“I wish I was a better actor”: why Kevin Costner regretted his inexperience while making ‘The Untouchables’

Between 1987 and 1991, Kevin Costner cemented his status in Hollywood as a leading man with a run of hit movies that included No Way Out, Bull Durham, Field of Dreams, Dances with Wolves, Robin Hood: Prince of Thieves, and JFK.

During that period, he went from rookie status to Oscar-winning actor and director, which is incredible when you think it all happened in the space of only four years. Costner’s ascent to the top arguably began with another film in 1987, though, one which he has fond memories of, but in hindsight regrets his inexperience at the time he landed the role.

Costner has always been honest about how green he was when he first made his way out to Hollywood in the early ’80s from his native Lynwood, California. He had been inspired to pursue acting by a chance encounter with Richard Burton on a plane in ’78 and wound up driving his truck out to Los Angeles without much of a plan of how to make it in the movie business. He told The Independent, “No one gave me a chance. I certainly didn’t know how it worked.”

Costner confessed to parking by a phone booth on La Brea or Sunset Boulevard and sleeping in his truck overnight because he just wanted to stay near the business. “I knew I needed to come into Hollywood every day – I just didn’t know where to go,” he chuckled.

Through sheer force of will and a single-minded focus on his goal, the young star soon fumbled his way into small parts in movies like Sizzle Beach USA and Night Shift before the 1985 Western Silverado helped him break out. By the time he found himself cast as legendary federal agent Eliot Ness in Brian De Palma’s Prohibition epic The Untouchables, though, Costner had only starred as the lead in a handful of small movies. Suddenly, he found himself leading a big-budget crime movie opposite legends of the game like Sean Connery and Robert De Niro – but he still wasn’t overly confident in his acting bonafides. He needed help if he was going to keep his head above water.

Credit: MTV Entertainment Studios

Thankfully, in 2024, Costner revealed that Connery – who starred in the film as Ness’ tough-as-nails Chicago cop mentor, James Malone, took him under his wing.

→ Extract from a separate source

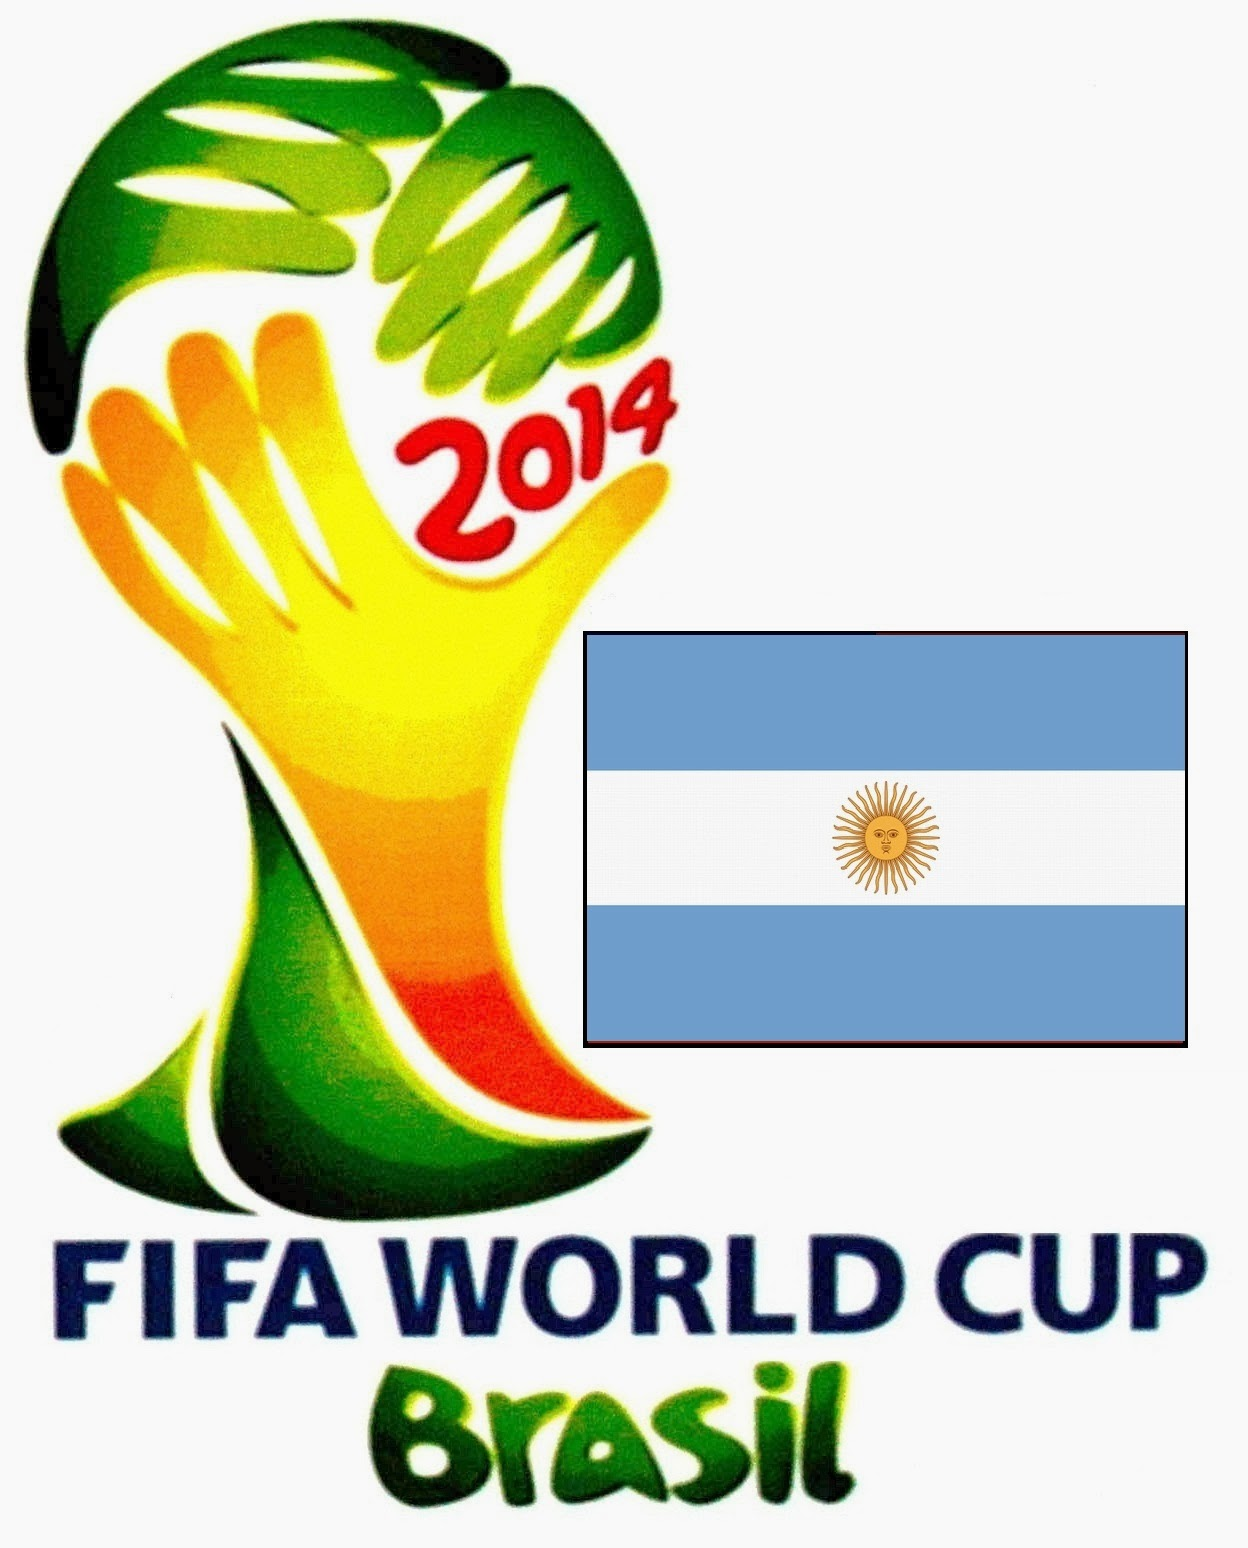 Daftar Nama Pemain Timnas Argentina Piala Dunia 2014

He told GQ: “He always called me ‘Mr Ness.’ ‘Mr Ness, can I talk to you?'” he smiled, “We became friends.”

Costner recalled that Connery was particularly helpful when he struggled with some of his scenes opposite De Niro, who had been given license to chew the scenery with reckless abandon as the terrifying gangster Al Capone.

“My character was very straight-arrow, and Robert was able to jump off the page,” Costner explained in 2017. “I was trying to survive with my straight-arrow language against someone who was throwing a level of street language at me that had a level of improv to it. So, it was hard for me to survive in some of those scenes, and Sean talked to me a little bit about it.”

In his own head, Costner was sure that this inexperience with high-level Hollywood acting would make someone like Connery think less of him. Thankfully, this wasn’t the case at all, and Costner explained, “He was good to me. And I learned a lot because my eyes were open.”

Ultimately, Costner mused, “I wish I was a better actor when I did The Untouchables, but I was where I was at.”

Ultimately, Costner may have had a false impression of the limitations of his acting because his performance in The Untouchables is always cited as one of his best. For his part, Connery always maintained the mentor-mentee relationship that defined their characters was reflected in the actor’s real-life relationship.

It was obvious how much their time together meant to Costner when he paid tribute after Connery’s death in 2020 by saying, “He was the biggest star that I ever worked with, and I will be forever grateful to be linked with him on film.”